Mechanism by which arylamine N-acetyltransferase 1 ablation causes insulin resistance in mice.

Author information

1
Department of Internal Medicine, Yale University School of Medicine, New Haven, CT 06520.
2
Novo Nordisk Center for Basic Metabolic Research, University of Copenhagen, Copenhagen DK-2200, Denmark.
3
Department of Internal Medicine, Yale University School of Medicine, New Haven, CT 06520; gerald.shulman@yale.edu.
4
Department of Cellular & Molecular Physiology, Yale University School of Medicine, New Haven, CT 06520.
5
Howard Hughes Medical Institute, Yale University School of Medicine, New Haven, CT 06520.

Abstract

A single-nucleotide polymorphism in the human arylamine N-acetyltransferase 2 (Nat2) gene has recently been identified as associated with insulin resistance in humans. To understand the cellular and molecular mechanisms by which alterations in Nat2 activity might cause insulin resistance, we examined murine ortholog Nat1 knockout (KO) mice. Nat1 KO mice manifested whole-body insulin resistance, which could be attributed to reduced muscle, liver, and adipose tissue insulin sensitivity.
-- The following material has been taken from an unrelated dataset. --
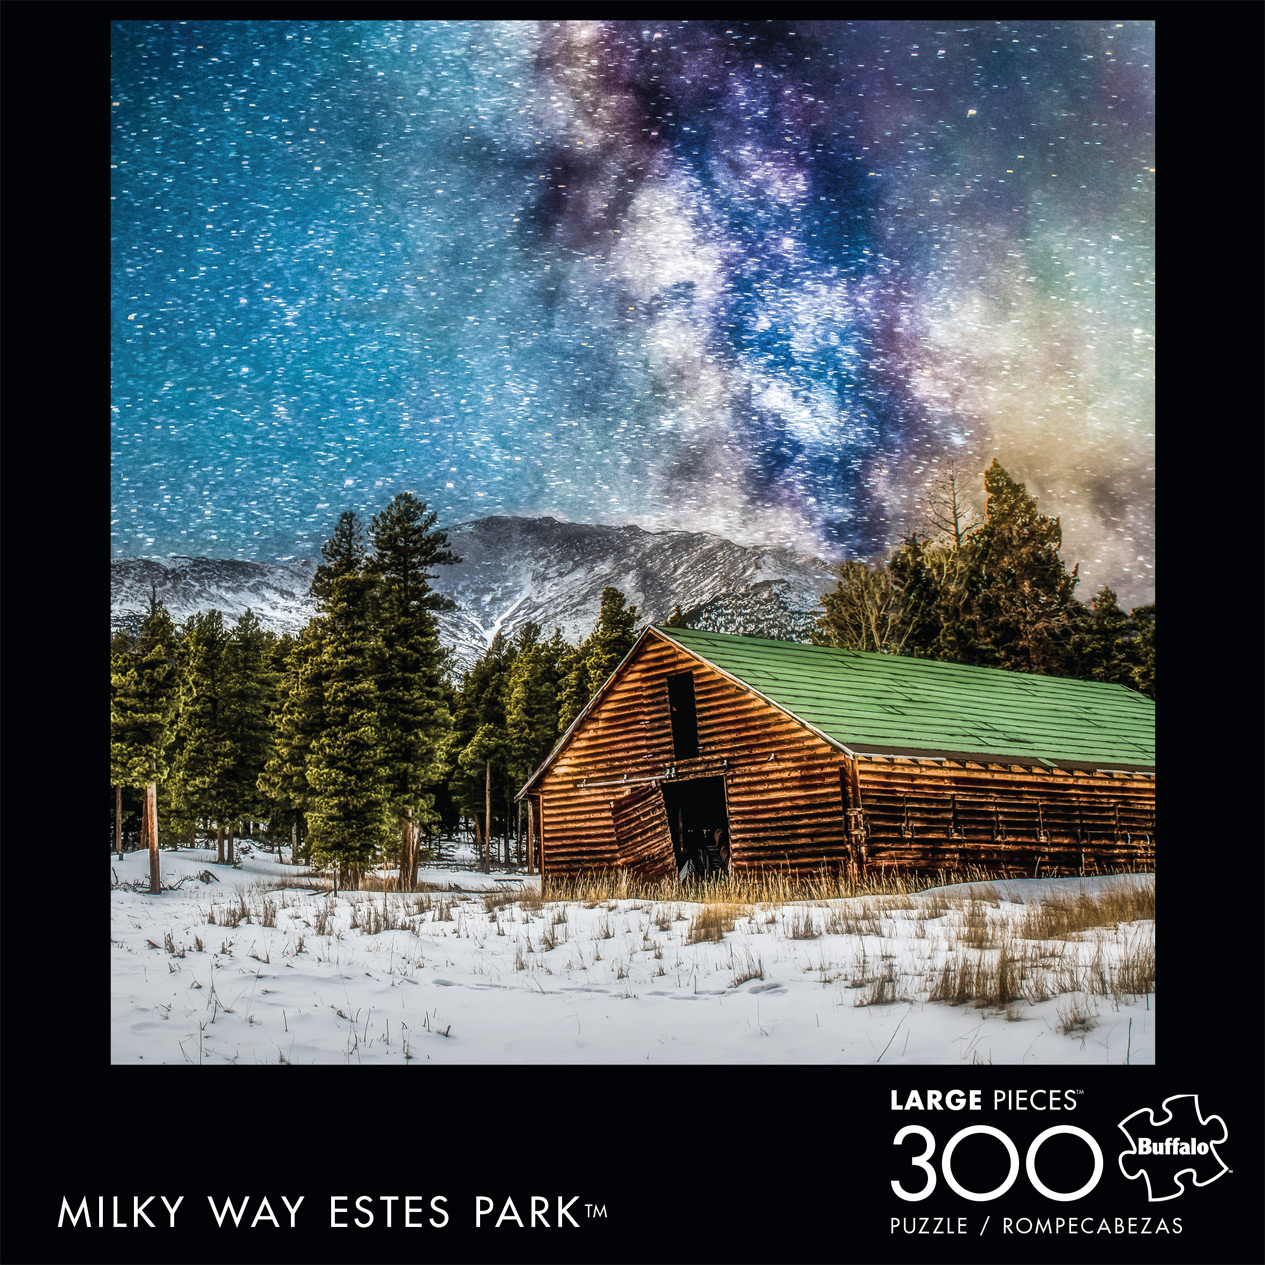 Milky Way Estes Park

Hepatic and muscle insulin resistance were associated with marked increases in both liver and muscle triglyceride (TAG) and diacylglycerol (DAG) content, which was associated with increased PKCε activation in liver and increased PKCθ activation in skeletal muscle. Nat1 KO mice also displayed reduced whole-body energy expenditure and reduced mitochondrial oxygen consumption in white adipose tissue, brown adipose tissue, and hepatocytes. Taken together, these studies demonstrate that Nat1 deletion promotes reduced mitochondrial activity and is associated with ectopic lipid-induced insulin resistance. These results provide a potential genetic link among mitochondrial dysfunction with increased ectopic lipid deposition, insulin resistance, and type 2 diabetes.

KEYWORDS:

ceramides; diacylglycerol; mitochondria; protein kinase ε; protein kinase θ

PMID:
29237750
PMCID:
PMC5748223
DOI:
10.1073/pnas.1716990115
[Indexed for MEDLINE]
Free PMC Article

Conflict of interest statement

The authors declare no conflict of interest.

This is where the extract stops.